The main Pine Creek Path followed Pine Creek north, switching banks until it reached the First Fork (modern Little Pine Creek at the village of Waterville). From there it stayed on the left bank the rest of its course along Pine Creek, passing through the Pine Creek Gorge to the Second Fork (Babb Creek at Blackwell) and on to the Third Fork (modern Marsh Creek) and the village of Ansonia. There it left the gorge and turned west, going past modern Galeton to West Pike, where it left the creek and headed north to the Genesee River. The exact course of the path between West Pike and the headwaters of the Genesee River are uncertain. In the south, an alternate branch (west of the main path) led north from the West Branch Susquehanna River along Chatham Run, past modern Woolrich to the main path near Waterville.

==Use==
The path was used by Iroquois warriors on their war raids to points south.
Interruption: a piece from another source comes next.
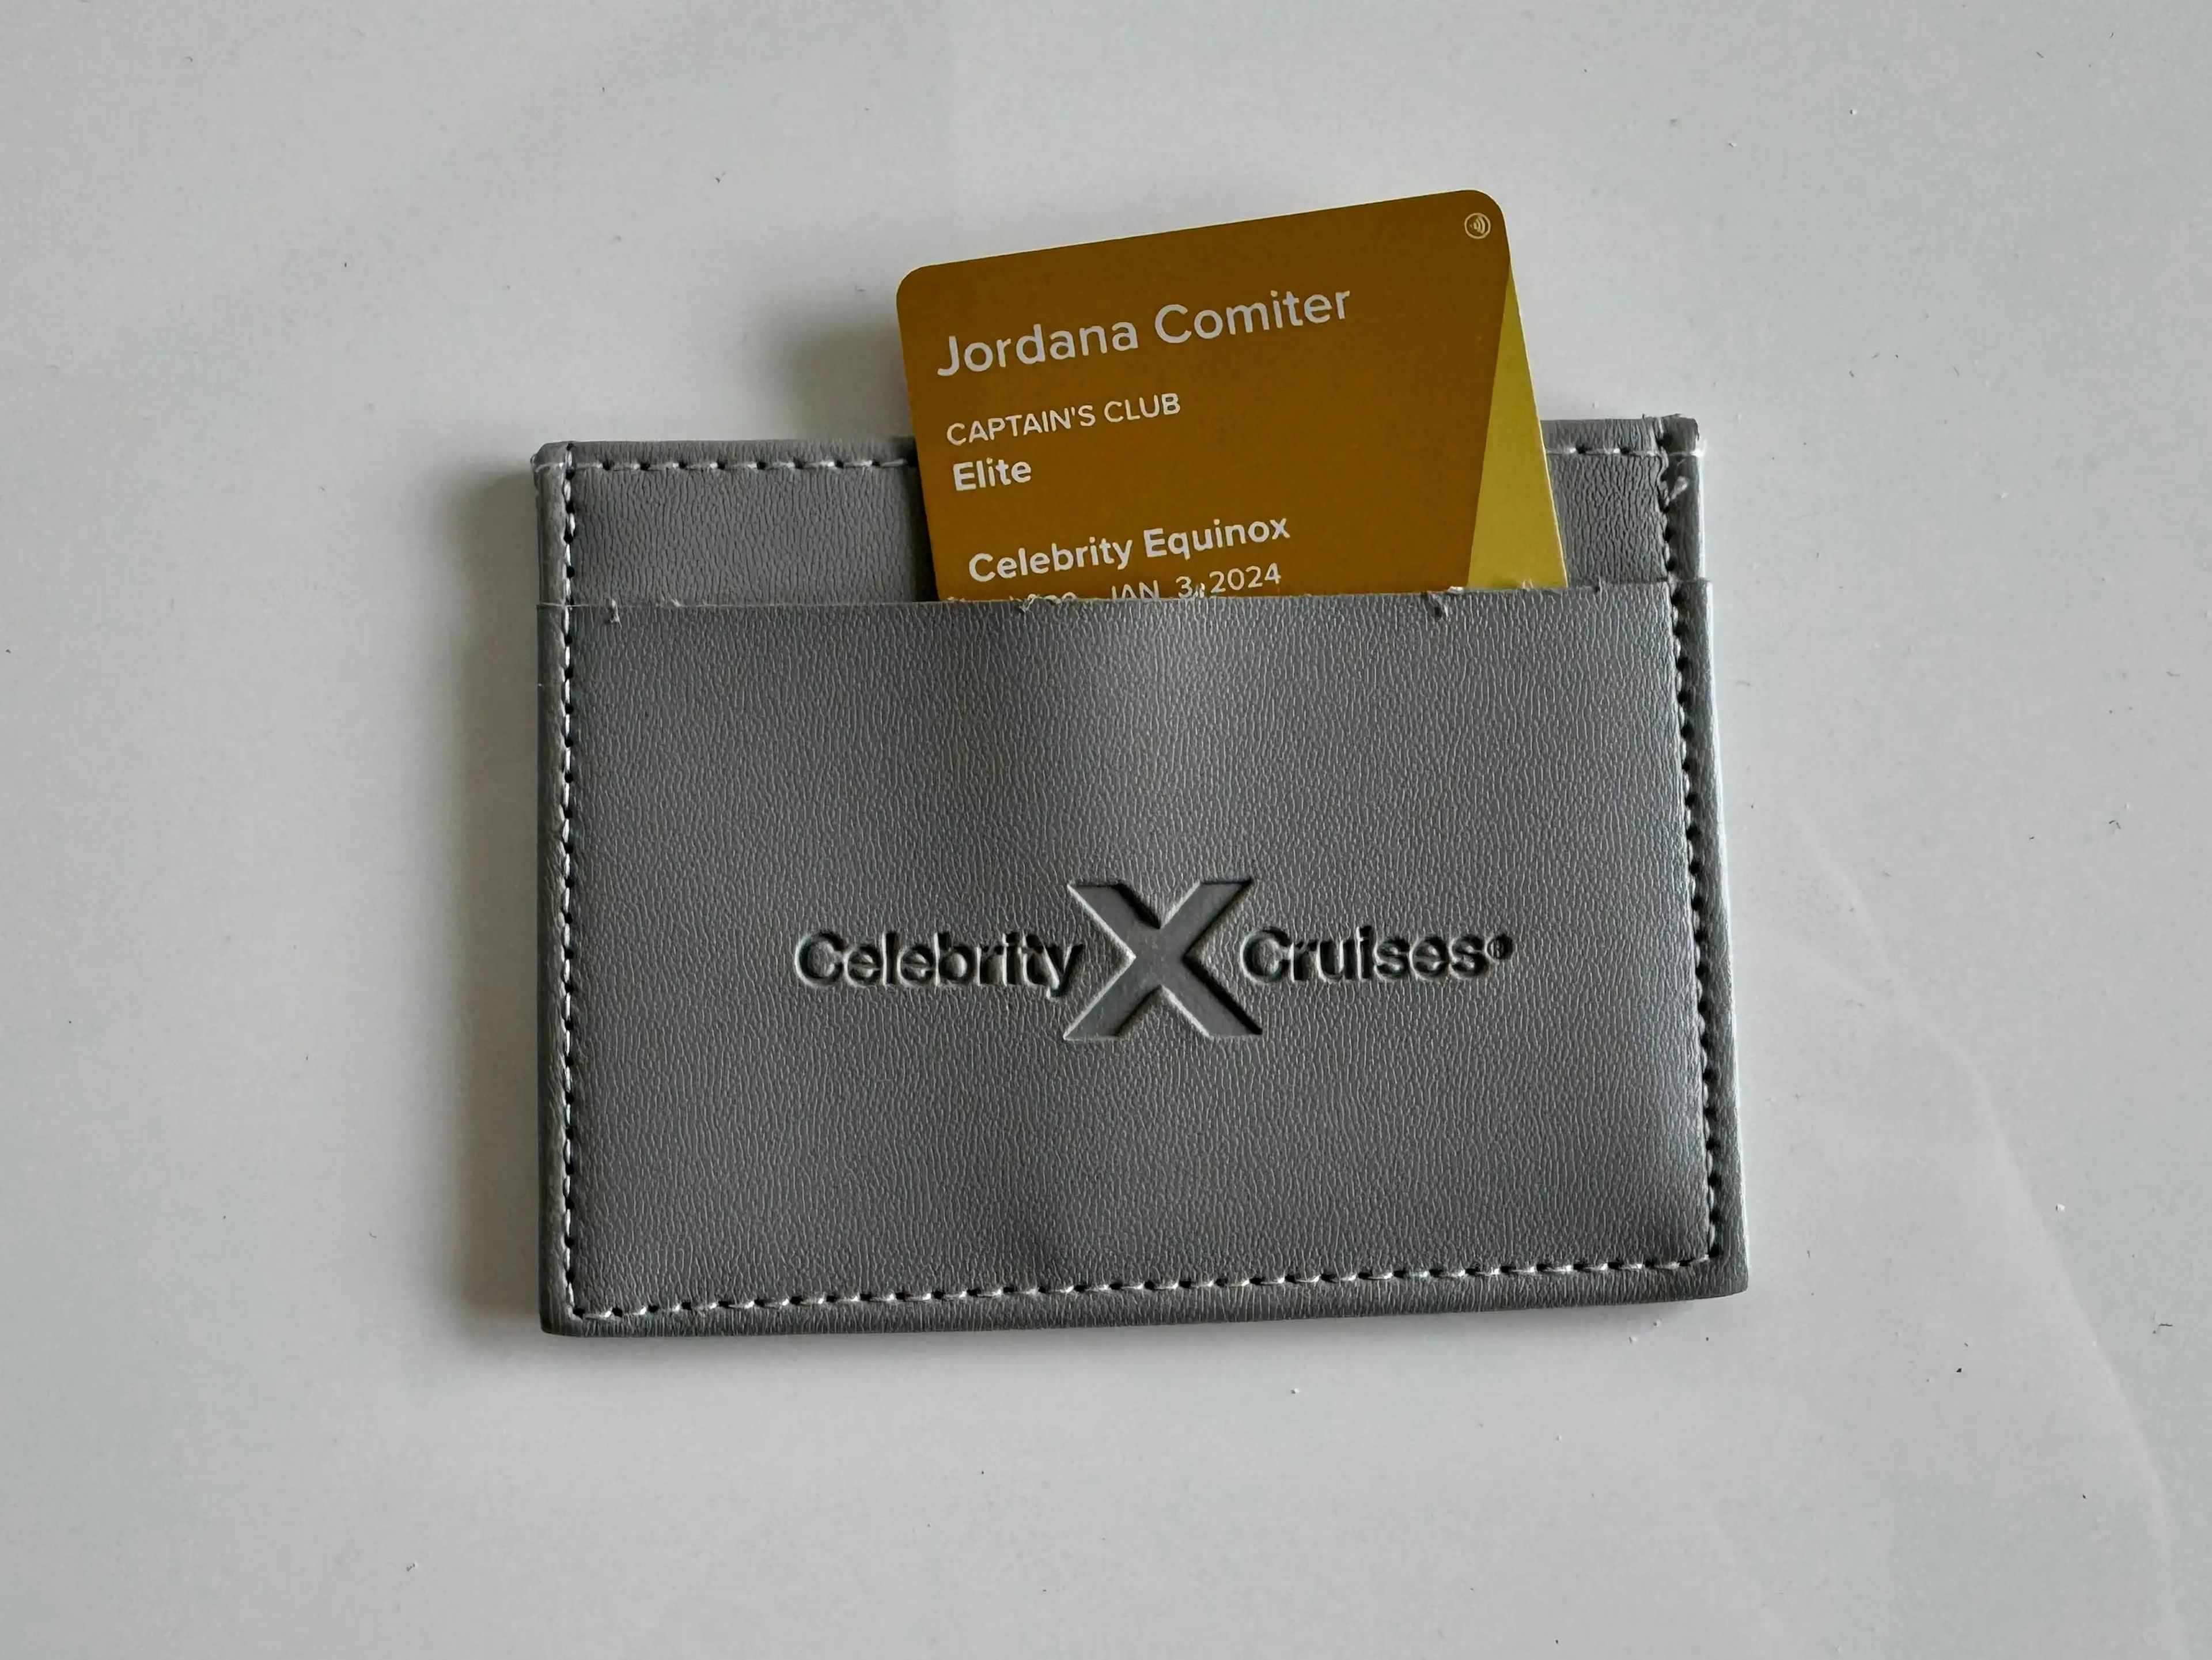 jordana's cruise card sticking out of a small wallet

One of the earliest accounts of the path is from Moses Van Campen, who was captured on Bald Eagle Creek in 1782, and taken north as a prisoner along the path. Some isolated bands of Native Americans remained in the Pine Creek Gorge until the War of 1812. When lumbering become a major industry along Pine Creek in the 19th century, the path was used by lumbermen. They would take rafts of lumber in the spring down Pine Creek from Ansonia to Jersey Shore, and then walk back north along the path. Attempts to convert the path into a wagon road early in the same century were unsuccessful - when John Peet tried it he said it took 18 days, crossed Pine Creek "eighty times going to and eighty times coming from", lost a wheel, broke two axles, and upset the wagon twice.

In 1883, the Jersey Shore, Pine Creek and Buffalo Railway opened, following the course of the path from Jersey Shore to Ansonia. The railroad soon became the Pine Creek Railway, a part of the Fall Brook Coal Company. It was leased by the New York Central Railroad in 1899, and was consolidated into the New York Central Railroad in a 1914 corporate reorganization. The Pine Creek line was one of those taken over by Conrail in 1976, but the last train ran on the route on October 7, 1988. After the removal of the tracks, the right-of-way was converted to the Pine Creek Rail Trail, which was named one of "10 great places to take a bike tour" in the world in a 2001 USA Today article.